Maxine Waters Complains that Obama Unfairly Singled Out the CBC as…Complainers

"We're certainly not complaining."

By most reports and attendee reaction, President Barack Obama's speech at the Congressional Black Caucus (CBC) gala Saturday night was a thunderous success with the base. Cynthia Gordy, blogger for the African-American news and commentary website The Root, writes:

"When speaking before black audiences, President Obama tends to be more charismatic in his delivery. He just plays the room differently -- gripping and galvanizing, with a preacherlike cadence that can sometimes rise to a holler at points of emphasis."

Rep. James Clyburn told POLITICO that he was pleasantly surprised to hear Obama confront the dissent among African-Americans and talk frankly about how difficult the road ahead to a second term will be. Rep. John Conyers, who has at times been one of the President's biggest African-American critics, was satisfied that the President called out his opponents, and said of Obama:

“'He realizes the people who oppose him are beyond compromise or negotiation,' the congressman said. 'We’re gonna have to take the case to the people and not just debate it between the Republican House' and the White House.

'He hasn’t lost support but he has to stimulate his base. That’s how you do it,' he said. 'You don’t stimulate the base by talking inside the beltway politics.'”

Obama's divisive and aggressive speech didn't satisfy everyone, though. CBC member and outspoken critic of the Tea Party Rep. Maxine Waters expressed Monday that she is confused by the President's call for the CBC to stop complaining.

Waters said on CBS's "Early Show" Monday that she feels Obama unfairly singled out black leaders by characterizing them as complainers. The particular phrase that Waters did not appreciate was when the President told the crowd to "Shake it off. Stop complaining, stop grumbling, stop crying," and instead "march with me and press on."
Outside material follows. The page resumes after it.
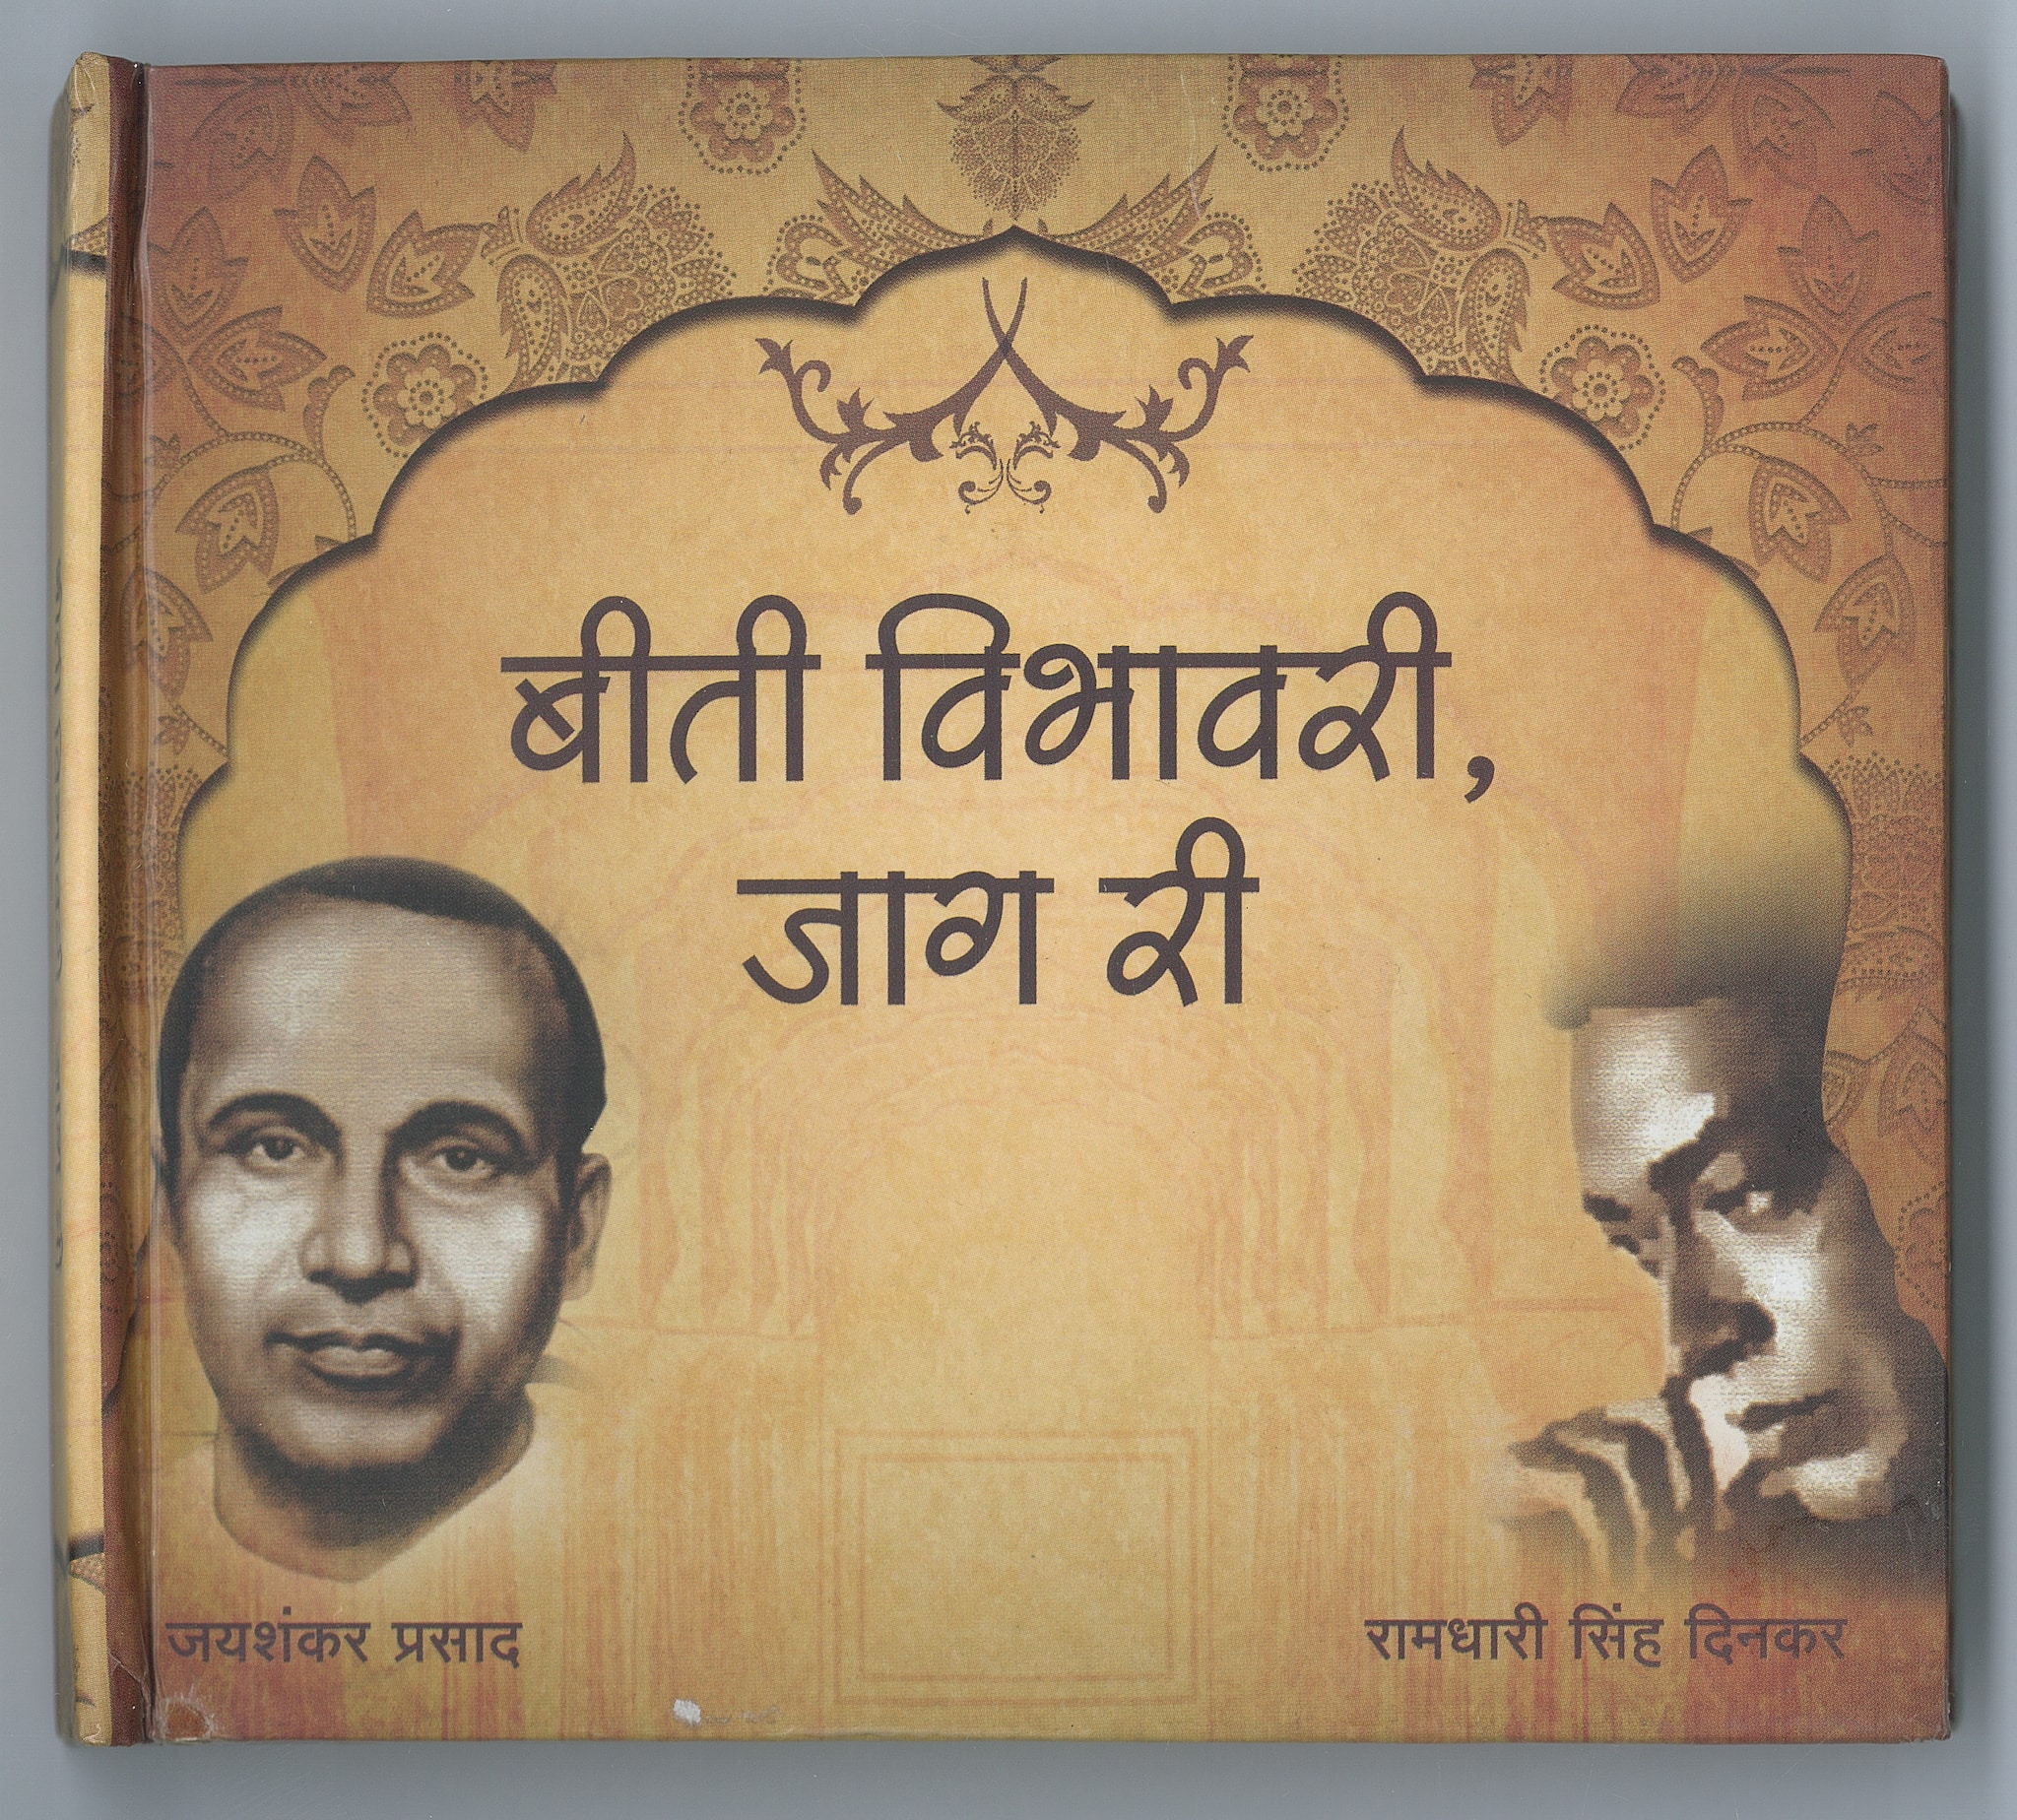 Cover of audio CD on poets Ramdhari Singh 'Dinkar' and Jaishankar Prasad.

"I'm not sure who exactly the president was talking to," said Waters Monday. "We're certainly not complaining. We support him and we're protecting that base, because we want people to be enthusiastic about him when that election rolls around."

That said, Waters made her own observations that Obama has handled other minority groups differently than the CBC, and suggested that perhaps he should tell them to stop complaining.

"I found that language a bit curious because the president spoke to the Hispanic Caucus, and certainly they're pushing him on immigration... he certainly didn't tell them to stop complaining," she told CBS. "And he would never say that to the gay and lesbian community, who really pushed him on Don't Ask, Don't Tell:"

In an interview with CNN later Monday morning, Waters clarified that she did not take Obama's words as an attack. Rather, Waters thinks Obama did not mean what he said in regards to the "stop grumbling" remarks, and asserted that the CBC thinks the President "just got off script."

While Waters said that she has not been complaining, she did suggest in August at Detroit's Wayne County Community College that members of the CBC don't pressure Obama enough.

"The Congressional Black Caucus loves the president, too," CBS reported she went on to say. "We're supportive of the president, but we're getting tired. We're getting tired. And so, what we want to do is, we want to give the president every opportunity to show what he can do and what he's prepared to lead on. We want to give him every opportunity, but our people are hurting. The unemployment is unconscionable. We don't know what the strategy is. We don't know why on this trip that he's in the United States now, he's not in any black community. We don't know that."

Waters has been elected ten times to represent California's 35th Congressional District, composed of a large part of south-central Los Angeles, and has been consistently ranked as one of the most corrupt members of congress.